Most often electrostatic accelerators are arranged in a horizontal line. However, some tandems may have a "U" shape, and in principle the beam can be turned to any direction with a magnetic dipole at the terminal. Some electrostatic accelerators are arranged vertically, where either the ion source or, in the case of a U-shaped vertical tandem, the terminal, is at the top of a tower. A tower arrangement can be a way to save space, and also the beam line connecting to the terminal made of glass rings can take some advantage of gravity as a natural source of compression.

== Particle energy ==
In a single-ended electrostatic accelerator the charged particle is accelerated through a single potential difference between two electrodes, so the output particle energy $E$ is equal to the charge on the particle $q$ multiplied by the accelerating voltage $V$
$E = qV$
In a tandem accelerator the particle is accelerated twice by the same voltage, so the output energy is $(1+q)V$, as the anion form is singly charged. If the charge $q$ is in conventional units of coulombs and the potential $V$ is in volts the particle energy will be given in joules. However, because the charge on elementary particles is so small (the charge on the electron is 1.6×10^{−19} coulombs), the energy in joules is a very small number.

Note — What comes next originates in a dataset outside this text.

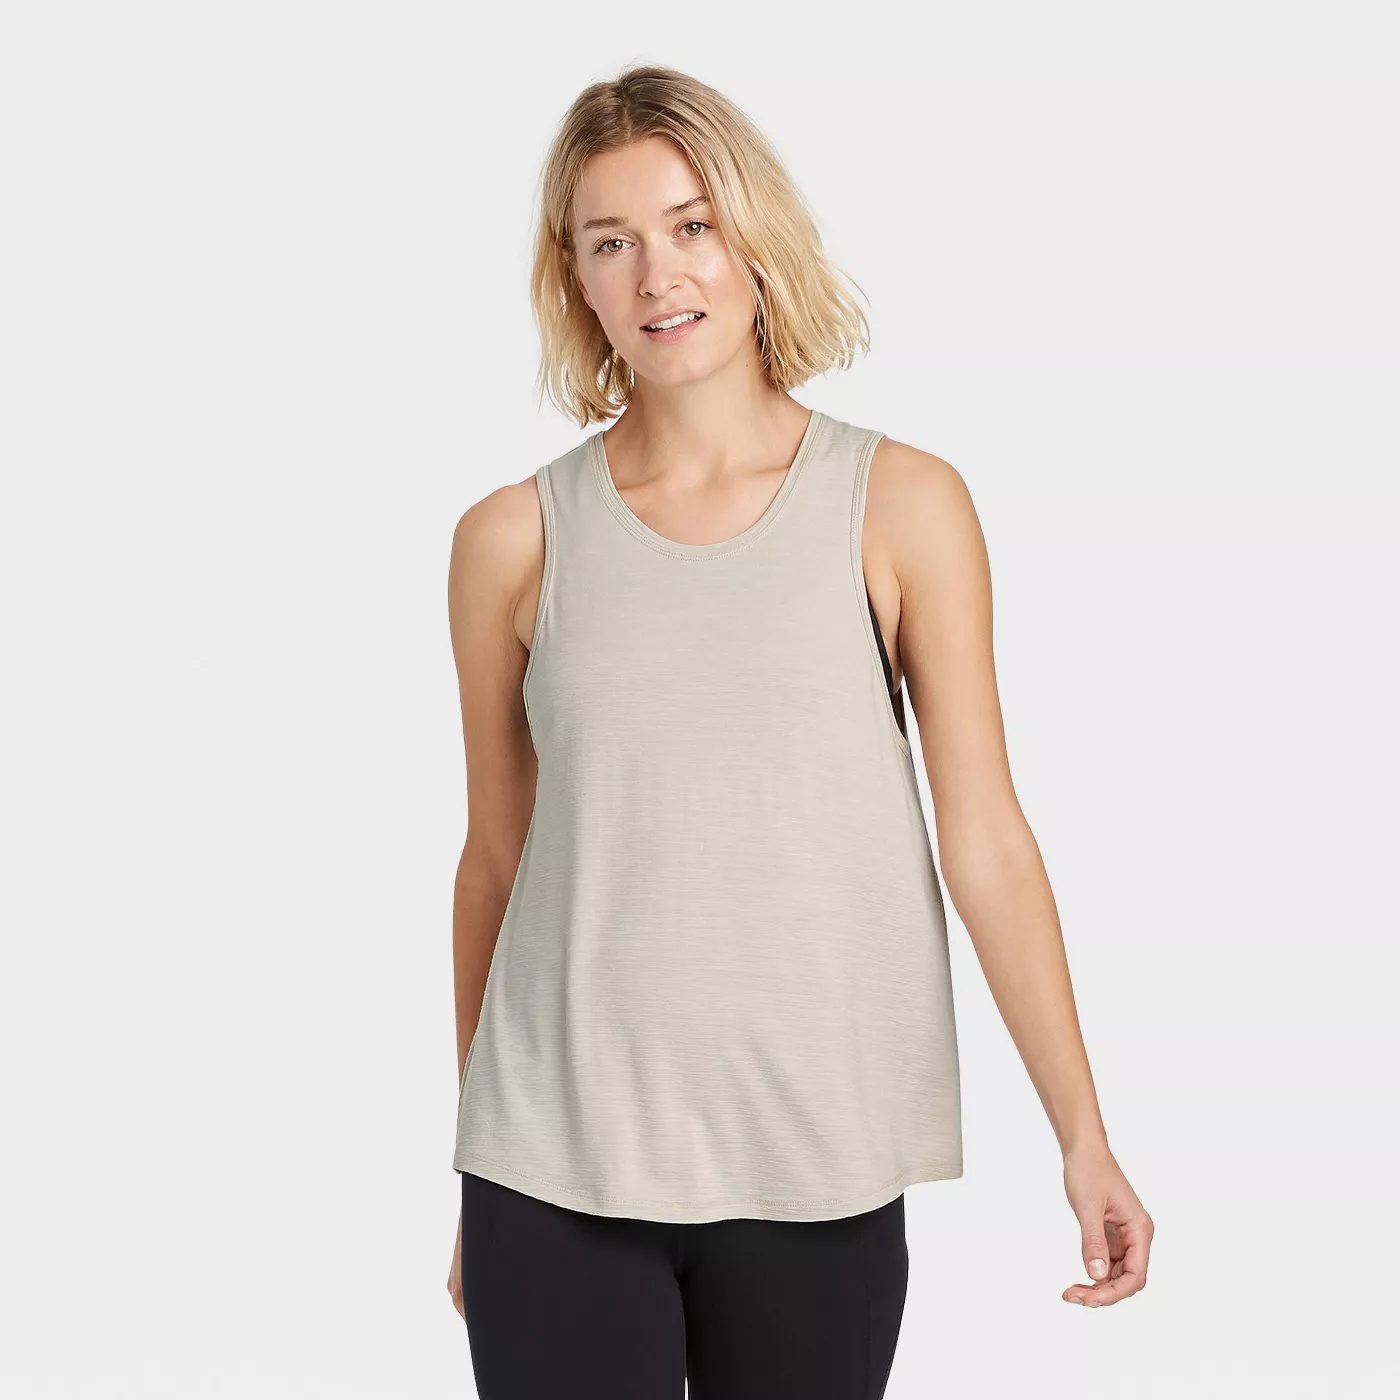 Women's Active Tank Top - All in Motion™ - image 1 of 11

Since all elementary particles have charges which are multiples of the elementary charge on the electron, $e = 1.6(10^{-19})$ coulombs, particle physicists use a different unit to express particle energies, the electron volt (eV) which makes it easier to calculate. The electronvolt is equal to the energy a particle with a charge of 1e gains passing through a potential difference of one volt. In the above equation, if $q$ is measured in elementary charges e and $V$ is in volts, the particle energy $E$ is given in eV. For example, if an alpha particle which has a charge of 2e is accelerated through a voltage difference of one million volts (1 MV), it will have an energy of two million electron volts, abbreviated 2 MeV. The accelerating voltage on electrostatic machines is in the range 0.1 to 25 MV and the charge on particles is a few elementary charges, so the particle energy is in the low MeV range. More powerful accelerators can produce energies in the giga electron volt (GeV) range.